What happened next is what upset me the most. I went back to bed and left the test in my make up bag to check again i the morning(as you do). Because i was half asleep i think my brain worked overtime. I dreamt that the test had been positive- same surroundings, everything exactly the same as it was in reality. I had decided it was too early to wake bf, and even though i was really excited dreamed i went back to sleep and was going to wake him a little later. Everything was so real- it didn't even feel like a dream. I woke at half seven with a smile on my face, checking the surroundings to make sure they matched my dream. I darted to the bathroom to check that it was positive and it was of course negative. I then realised i had been dreaming, and went back to bed- gutted. I was so upset, i cried all day saturday, it hurts so much to see negative tests all the time, i want to hold our baby so much. I feel that i had to go through the emotions of both outcomes only to see that it really was negative. 
I decided that it may have been too early to test, but i tested 14 dpo and using a test sensitve to a low level of hormone.
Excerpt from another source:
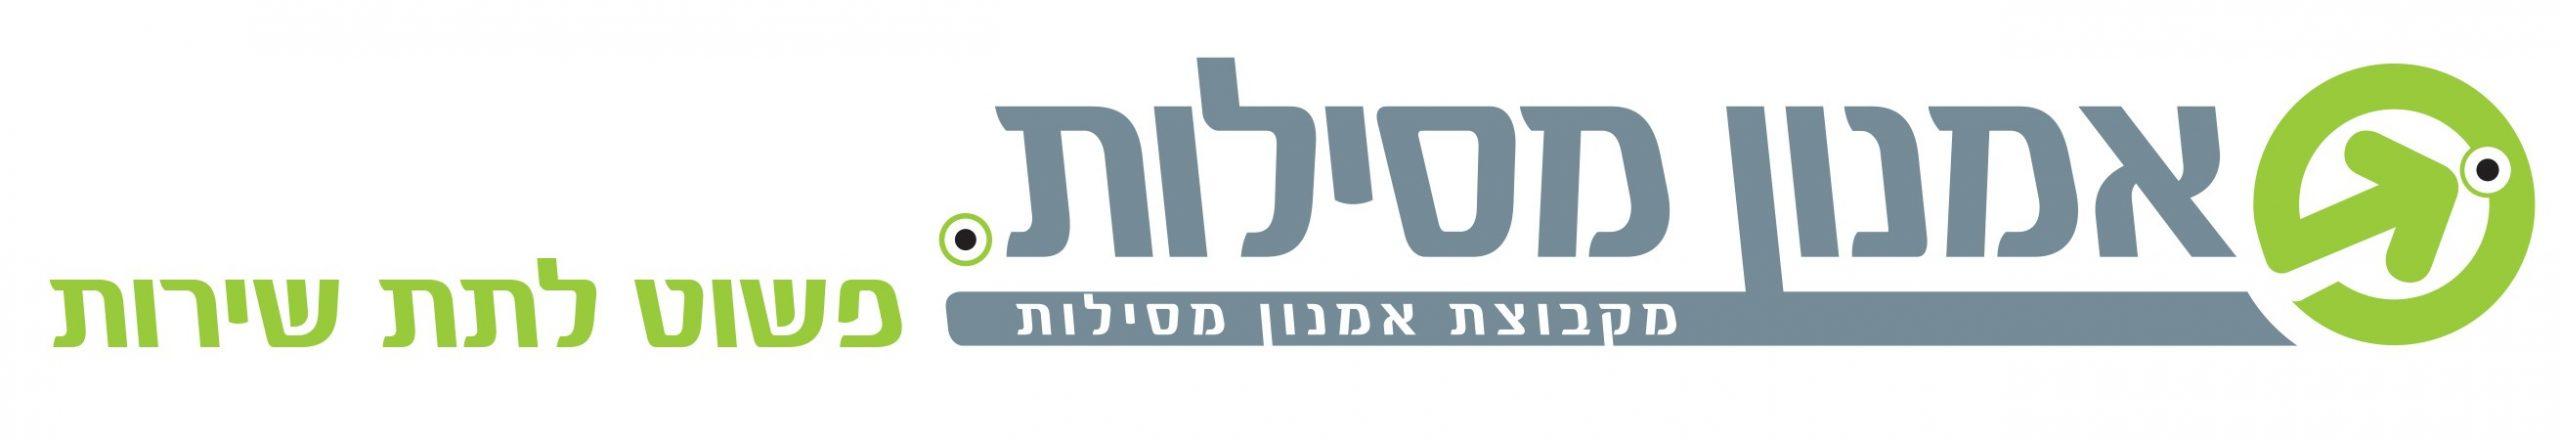 לוגו מסילות

We decided that we should wait until my normal cycle length was over, which is tomorrow. I have had no period pain, and my boobs hurt same as normal, but they hurt me different. They haven't gone hard like normal, they are just incredibly tender round the sides. I haven't had any other symptoms.

Sorry for rambling on, i just needed to get this off my chest and ask a few questions. Was it too early to test? I am 17 days past ovulation today and still no sign.....
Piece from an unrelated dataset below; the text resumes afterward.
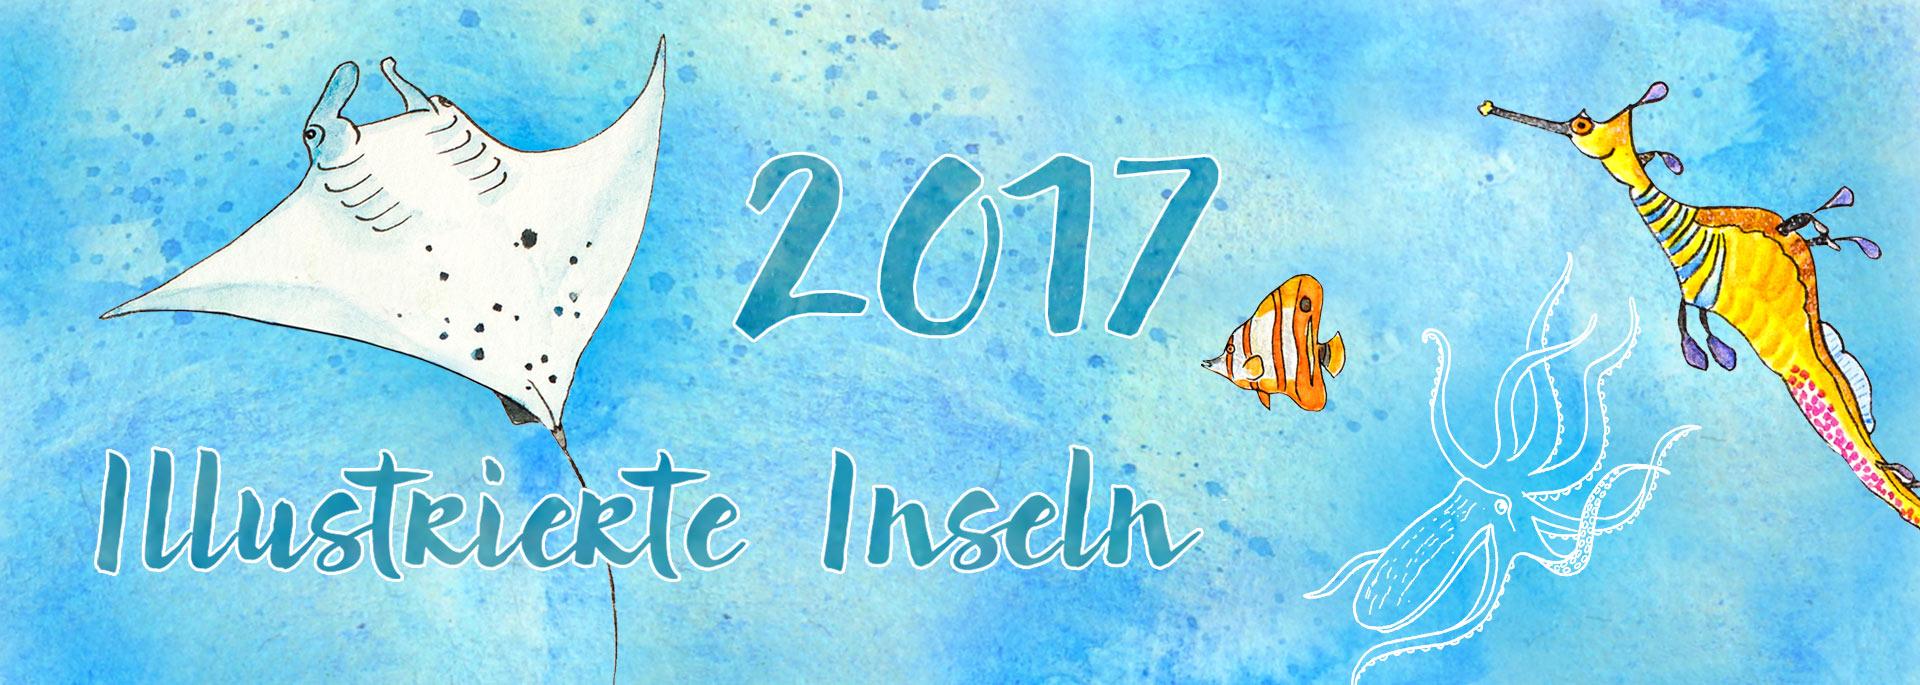 Kalendertipp: Illustrierte Inselkarten 2017 – jetzt vorbestellen!

Please offer any advice you can, even if its to tell me i am being silly 
Thanks girls xx


----------



## sarahstewart (Aug 4, 2005)

just wondering what test did you use?     its not over until af shows hun


----------



## bubbleicious (Jun 10, 2005)

Hi sarah, i used a tesco test- I've thrown the leaflet away now, but i think it was sensitive to 25mlU


----------



## sarahstewart (Aug 4, 2005)

I have always found clearblue the best.....have you been on peeonastick.com its a great website


----------



## bubbleicious (Jun 10, 2005)

i did have a look yeah- they are good. and access diagnostics. THe only thing is that clear blue detect at 100mlU so i thought they may not be sensitive enough? I might get a couple of different ones when i go shopping in a bit. Cheers for the advice! x


----------



## jocole69 (Dec 19, 2004)

Hi,

So sorry you had to go through that, how awful, it is very depressing - I felt really cheesed off last week when AF got me    But, try and keep    lots more months to try....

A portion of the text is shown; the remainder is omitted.